_Task statement:_ Using the listing below, keep only the lines with the word "Colored" and copy them.

_Data:_
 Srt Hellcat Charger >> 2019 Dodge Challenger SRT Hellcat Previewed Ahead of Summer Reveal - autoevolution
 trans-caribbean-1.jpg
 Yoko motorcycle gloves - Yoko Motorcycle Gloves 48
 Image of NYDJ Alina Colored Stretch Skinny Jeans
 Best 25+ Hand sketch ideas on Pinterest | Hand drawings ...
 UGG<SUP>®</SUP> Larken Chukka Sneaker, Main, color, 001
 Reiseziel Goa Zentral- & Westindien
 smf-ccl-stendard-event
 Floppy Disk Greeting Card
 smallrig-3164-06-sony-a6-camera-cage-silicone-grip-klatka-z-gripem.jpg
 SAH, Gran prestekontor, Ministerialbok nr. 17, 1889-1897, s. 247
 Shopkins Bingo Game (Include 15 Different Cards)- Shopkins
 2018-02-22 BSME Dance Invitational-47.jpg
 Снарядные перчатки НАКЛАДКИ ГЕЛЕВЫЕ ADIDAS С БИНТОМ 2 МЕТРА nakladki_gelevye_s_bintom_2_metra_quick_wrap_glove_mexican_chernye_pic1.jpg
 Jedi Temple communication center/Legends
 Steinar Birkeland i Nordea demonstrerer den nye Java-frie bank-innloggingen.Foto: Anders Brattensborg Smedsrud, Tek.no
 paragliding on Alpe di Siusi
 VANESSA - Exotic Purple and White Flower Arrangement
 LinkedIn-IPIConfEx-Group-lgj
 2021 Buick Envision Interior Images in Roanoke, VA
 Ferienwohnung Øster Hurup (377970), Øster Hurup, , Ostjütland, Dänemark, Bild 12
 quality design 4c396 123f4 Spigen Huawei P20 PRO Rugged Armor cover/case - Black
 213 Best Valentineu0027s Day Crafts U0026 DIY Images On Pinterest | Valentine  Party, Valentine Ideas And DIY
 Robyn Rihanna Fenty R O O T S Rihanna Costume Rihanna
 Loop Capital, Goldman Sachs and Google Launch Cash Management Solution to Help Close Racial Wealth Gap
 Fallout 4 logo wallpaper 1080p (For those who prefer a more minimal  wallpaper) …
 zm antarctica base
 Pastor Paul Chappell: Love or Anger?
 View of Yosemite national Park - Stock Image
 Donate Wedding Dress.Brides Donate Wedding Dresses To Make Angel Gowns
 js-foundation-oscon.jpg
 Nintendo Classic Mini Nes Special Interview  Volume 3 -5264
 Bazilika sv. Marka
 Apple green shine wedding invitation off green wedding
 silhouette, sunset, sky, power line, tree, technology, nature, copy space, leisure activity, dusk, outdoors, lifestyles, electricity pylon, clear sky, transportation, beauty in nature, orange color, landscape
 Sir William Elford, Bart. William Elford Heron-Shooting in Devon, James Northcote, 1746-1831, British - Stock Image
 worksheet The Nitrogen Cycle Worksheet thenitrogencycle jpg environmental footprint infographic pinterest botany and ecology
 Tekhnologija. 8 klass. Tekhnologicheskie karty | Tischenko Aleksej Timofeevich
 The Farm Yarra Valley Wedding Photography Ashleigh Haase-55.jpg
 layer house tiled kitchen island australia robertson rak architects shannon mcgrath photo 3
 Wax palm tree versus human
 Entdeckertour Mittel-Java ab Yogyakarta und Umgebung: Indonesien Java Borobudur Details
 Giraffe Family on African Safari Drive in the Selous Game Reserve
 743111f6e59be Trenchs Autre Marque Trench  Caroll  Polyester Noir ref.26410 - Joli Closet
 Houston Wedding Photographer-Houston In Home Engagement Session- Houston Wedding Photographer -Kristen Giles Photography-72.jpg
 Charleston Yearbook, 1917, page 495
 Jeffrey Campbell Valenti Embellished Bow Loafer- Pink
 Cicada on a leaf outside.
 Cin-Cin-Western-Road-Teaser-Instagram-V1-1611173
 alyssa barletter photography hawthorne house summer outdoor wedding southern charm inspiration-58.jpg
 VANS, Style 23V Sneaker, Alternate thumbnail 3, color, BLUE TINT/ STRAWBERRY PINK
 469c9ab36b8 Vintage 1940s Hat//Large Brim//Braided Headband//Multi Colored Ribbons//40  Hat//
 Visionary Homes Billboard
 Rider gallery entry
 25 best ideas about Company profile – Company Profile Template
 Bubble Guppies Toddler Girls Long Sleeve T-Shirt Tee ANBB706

_Reply:_
 Image of NYDJ Alina Colored Stretch Skinny Jeans
 469c9ab36b8 Vintage 1940s Hat//Large Brim//Braided Headband//Multi Colored Ribbons//40  Hat//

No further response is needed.